這滿堂大人都聽得清楚,就你沒聽清?眼不明目不聰,我勸你還是趁早辭官還鄉,興許還能落個不錯名聲。”  王三才氣的渾身發抖,指向吳源的手一直沒放下。

  可憐名字裡有個“才”字,他這口才實在不敢恭維。當初他還在做黃庭迎門小吏時,也是誤打誤撞碰見寧仙安,結結巴巴想要請好,卻被口若懸河的另一官員嘲笑,說是“這世道怎麽連結巴也能登堂入室。”恰好不好這話又落入寧仙安耳中,於是一頓結結實實的數落自然少不了,最後興致高漲的少四爺突發奇想,賞了他一個從五品知事,不高不矮剛剛超了那官員半品。

  兩排共事一方水土的大人裡有替王三才打抱不平的,說道:“吳大人這話說過了,不管怎麽說咱們也是同朝為官,若真像吳大人所言,老朽倒聽說與王大人相比,你好像也是大世子殿下親手提拔的吧。”

  本以為佔了上風,哪知半路殺出個程咬金來,吳源冷哼幾聲,簡單抱拳道:“在下的事就不勞薛大人上心了。”

  隨後又是你一句我一語爭吵起來。

  坐在漆紅高堂太師椅上的魏朝冷眼看著滿堂派系不同的大小官員,無奈長歎。廟堂爭鋒從來不是一朝一國才有,只要有朝廷,就避免不了派系林立,畢竟為了蠅頭小利也好,為了掌控一方運勢也罷,利益之爭至始至終都是貫穿的話題。更不用提這有小金鱗之稱的江城。

  此刻魏朝突然有點明白,金鱗裡那麽多侯門名士,為何鐫龍明黃敕封書上的京兆尹會是自己,也許就和他自己大半輩子孑然一身有莫大關系。權衡利益,平穩勢力,州主的那紙令狀不是隨手冊發。

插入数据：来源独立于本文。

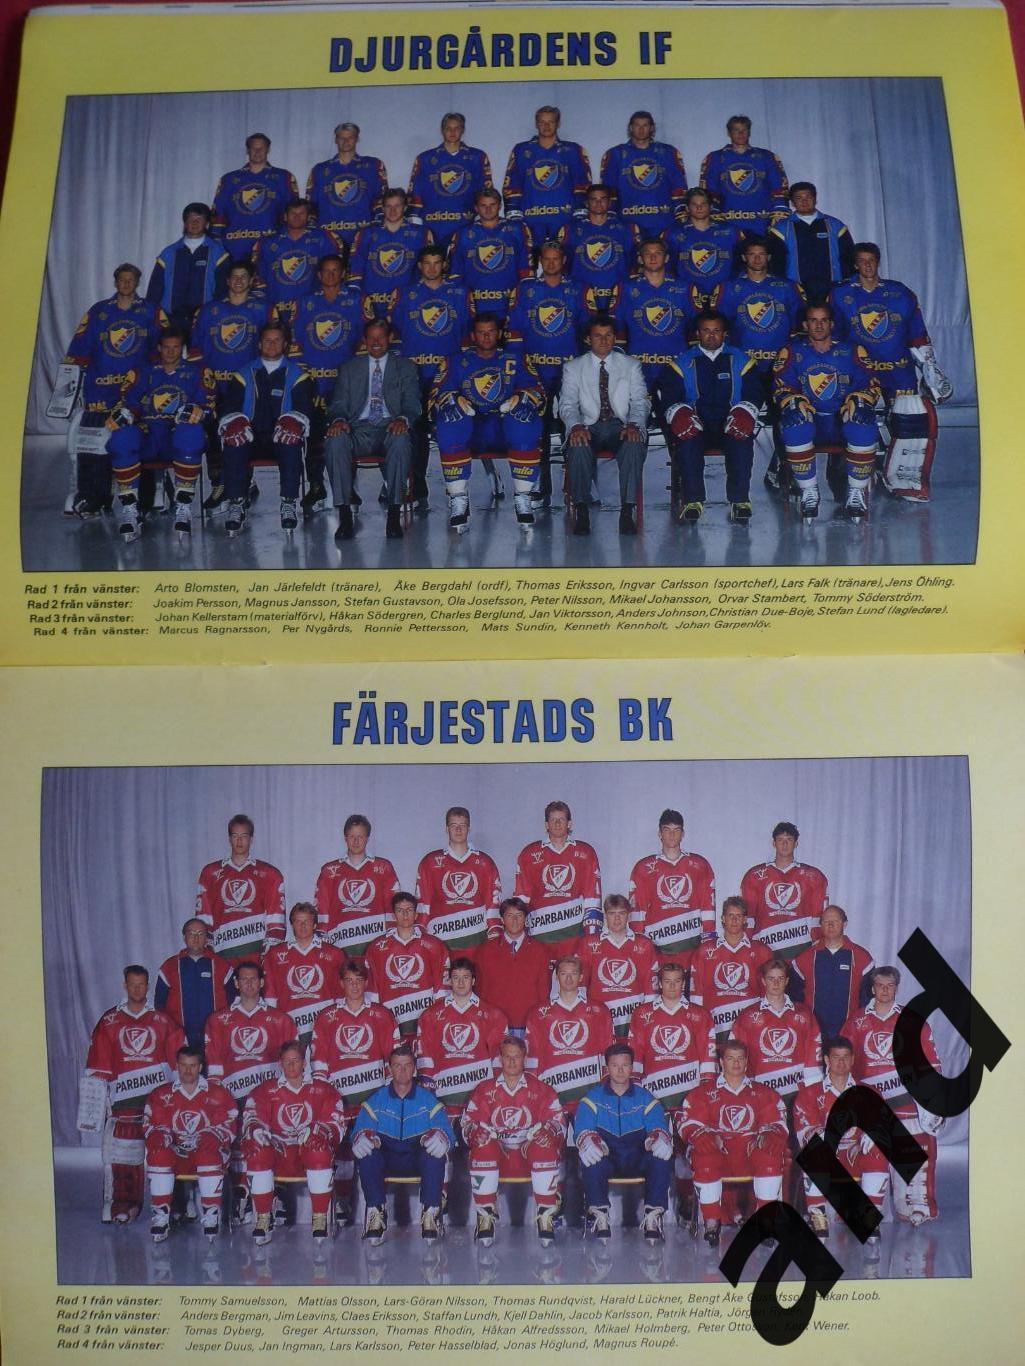 журнал Хоккей (Швеция) № 8 (1990) постеры всех команд Элитсерии 3

  越聽越不是滋味的魏朝揚起驚堂木就要再砸,門外突然傳來衙役的傳報聲。

  “袁大將軍到。”

  堂內瞬間落針可聞,爭的面紅耳赤的官員們紛紛束衣整裝,立的筆直。

  穿著六獸彌鎧的袁泊虎踏著泰山般的重步走進衙內,護心鏡上的七枚鎖靈環敲打在胸鎧上叮鈴作響。虎目圓盤臉的漢子立在門檻邊先掃視圈眾人,被那攝電精芒的目光掃過的大人們無不垂首闔胸,這就是從浴血沙場上活下來後才能尊享的殺伐氣勢。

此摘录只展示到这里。